Black Coal, de Diao Yi'nan, s'avère probablement être la perle rare de cette année cinématographique 2014. La beauté du film peut nous passer sous le nez de prime abord : la complexité de l'intrigue, son aspect confus et abscons, évoque les grands classiques du film noir américain, tels que Le Grand Sommeil de Howard Hawks ou Le Faucon Maltais de John Huston. Le film réactive en effet les codes du genre, déplacés dans la société chinoise contemporaine. Tout comme dans ces classiques du film noir, Black Coal demande au spectateur de lâcher prise avec l'intrigue, trop complexe pour une première vision, et de se laisser hypnotiser par l'ambiance, par l'atmosphère du film - atmosphère évidemment nocturne.
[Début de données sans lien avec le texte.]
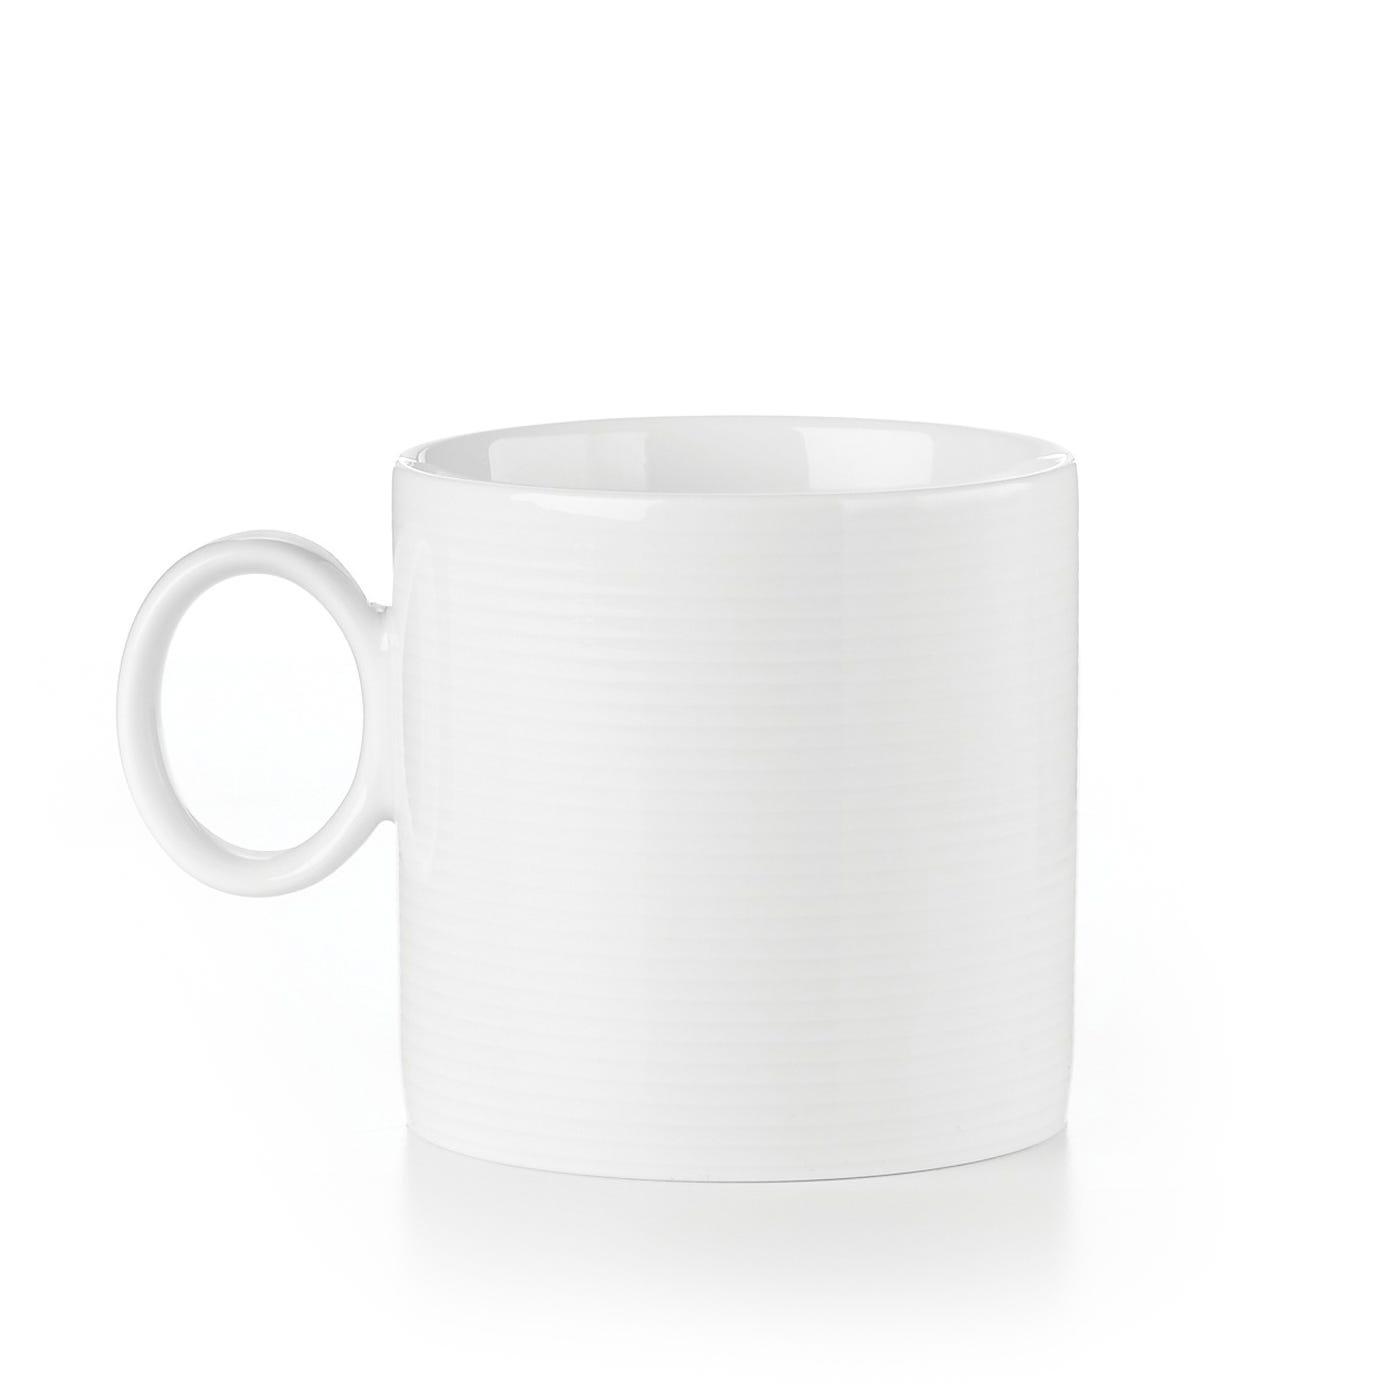 Loft white mug

Des instants de grâce, des séquences presque oniriques - une femme que l'on suit en glissant sur une patinoire, un enquêteur névrosé qui se laisse aller à une danse frénétique improvisée, un cheval au détour d'un couloir... jalonnent le film, au beau milieu d'une intrigue morbide de dépeceur de cadavres.
Si ces séquences inattendues existent, c'est que, derrière l'intrigue policière, se cache une intrigue sentimentale qui rappelle un autre chef d'oeuvre du 7ème art, Vertigo d'Alfred Hitchcock. Encore plus retors que le film du Maître, Black Coal montre lui aussi en arrière-plan l'évolution des sentiments qui lient un enquêteur et la femme sur laquelle il enquête. Comme James Stewart dans Vertigo, Zhang Zili (incarné par Liao Fan) est un ex-détective, qui a quitté la police à la suite de la mort d'un collègue. Comme Stewart, ses relations avec les femmes sont compliquées. La première séquence du film, noyée dans le labyrinthe scénaristique qui lui succède, montre en effet la séparation de Zhang Zili et de son épouse, sur un quai de gare. Le mari, voulant l'embrasser pour une dernière fois, n'obtenant que son refus, achève quasiment de l'étrangler. Un baiser qui devient scène de meurtre... on est toujours chez Hitchcock.
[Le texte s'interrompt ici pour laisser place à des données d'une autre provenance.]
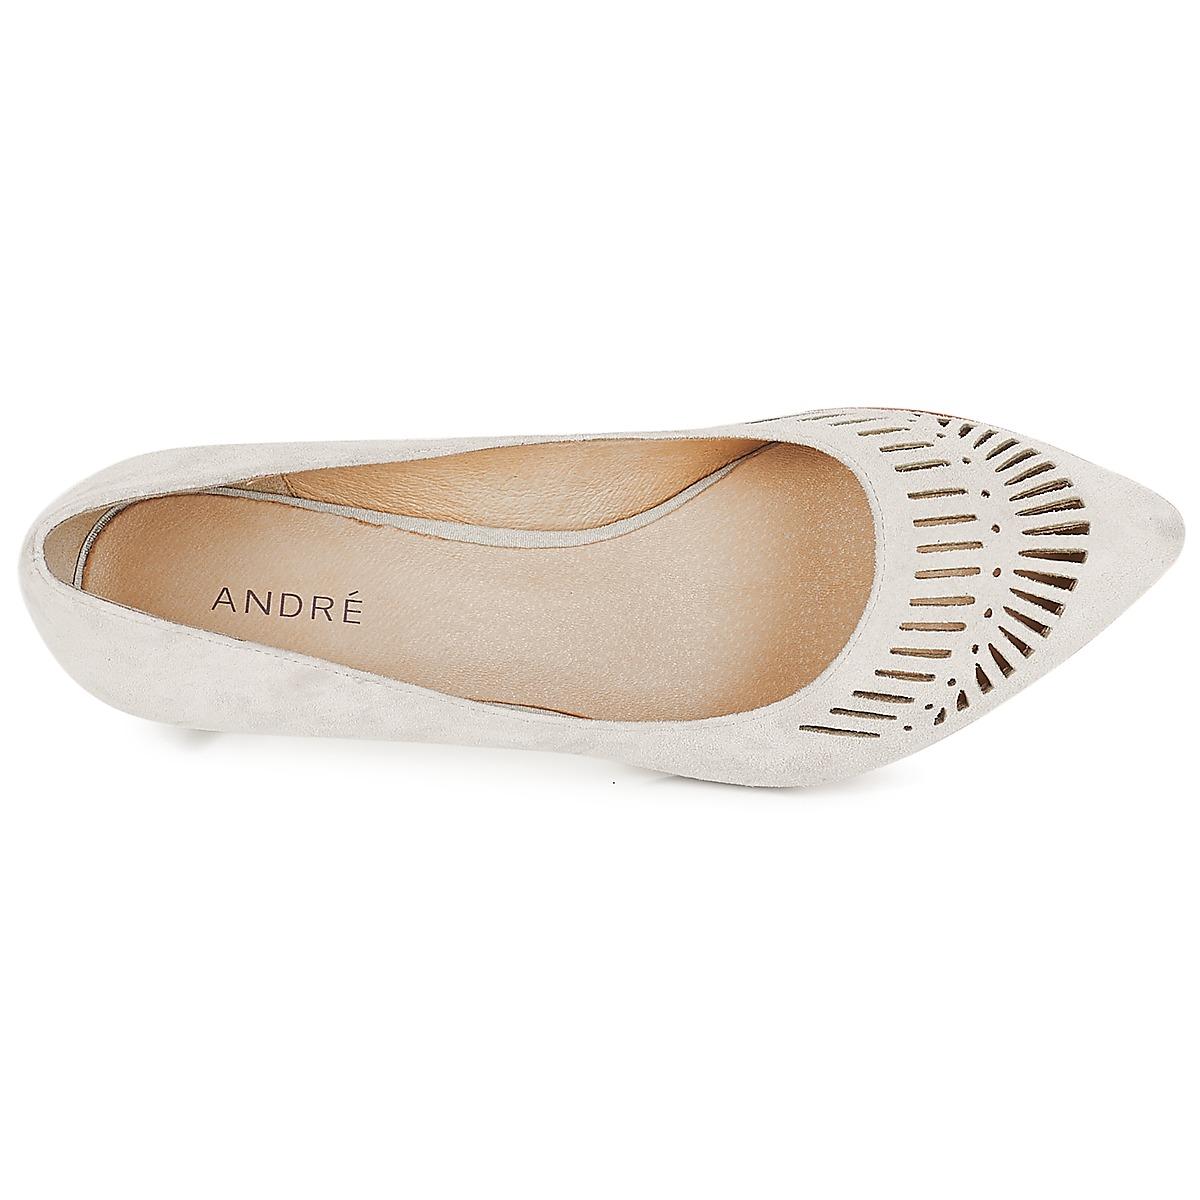 André André André TOURBILLON Gris - Envío gratis Nueva promoción - Zapatos Zapatos de tacón Mujer f2aebc

Le réalisateur Diao Yi'nan glisse plusieurs indices visuels qui explicitent cette référence et qui nous mènent à l'univers d'Hitchcock. La filature permanente du héros, spectateur manipulé - de San Francisco aux rues enneigées et aux patinoires d'une ville de la Mandchourie. Une rue prise en plongée, quelques secondes, évoque celle de Marnie à Baltimore. Et bien sûr, l'alternance de néons rouges et verts tout du long, qui mènent à une scène d'hôtel verte avec un revenant (masculin, cette fois), le mari soi-disant mort de la soi-disant "suspecte".
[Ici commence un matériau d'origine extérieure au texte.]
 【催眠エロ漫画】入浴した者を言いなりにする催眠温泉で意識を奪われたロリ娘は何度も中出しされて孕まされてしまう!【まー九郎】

Ces indices visuels, très émouvants, sont utilisés pour éventuellement aider le spectateur cinéphile à regarder du bon côté, à découvrir le vrai sujet du film : une relation morbide de deux êtres névrosés - véritable sujet du film, traité avec une grande finesse. Le personnage masculin, apparemment impossible à déchiffrer, s'avère passionnant au revisionnage du film. Amoureux de la femme qu'il traque, Wu Zhizhen, il se vante pourtant de son arrestation auprès de ses collègues à la fin du film, avec forte de dose d'alcool et de rires gras dans un restaurant. Dans la scène suivante, il danse frénétiquement, comme fou, imposant son style solo en plein cours de danse à deux.
Dans la dernière séquence, un homme lance des fusées en plein jour du haut d'un immeuble. Dans une version inédite, probablement issue d'une première projection en festival, qui traîne illégalement sur le net, on voit qu'il s'agit effectivement du héros. La version finale du film laisse le doute. Mais si l'on choisit cette option, le film se termine presque comme Vertigo. Un homme en haut d'un toit, une femme en bas. Mais Wu n'est pas morte, elle va en prison. S'agit-il symboliquement de la même chose ? Wu, dans la fourgonnette, a un sourire énigmatique, triste, à la vue de ces feux d'artifices. Peut-être le couple se retrouvera-t-il, chose impossible dans Vertigo. Est-ce pour autant une bonne chose, un espoir de happy end, tant leur relation est malsaine ?
Au-delà des références visuelles, utilisées en tant qu'indices, c'est un même système de mise en scène, basé sur la dissimulation d'un véritable sujet sentimental ou psychanalytique, qui unissent Black Coal à Hitchcock. Ces indices, ces instants troublants qui semblent n'avoir aucun lien avec l'intrigue policière, sont accessibles à tous les spectateurs. Ils sont les véritables instants d'émotions, gravés dans la mémoire du spectateur, qui jaillissent du film de part en part. La grande réussite du film tient à la manière dont il lie cette émotion secrète et cachée, à un univers social très réaliste et à une esthétique froide, lourde de silences pesants, dans laquelle évoluent les personnages.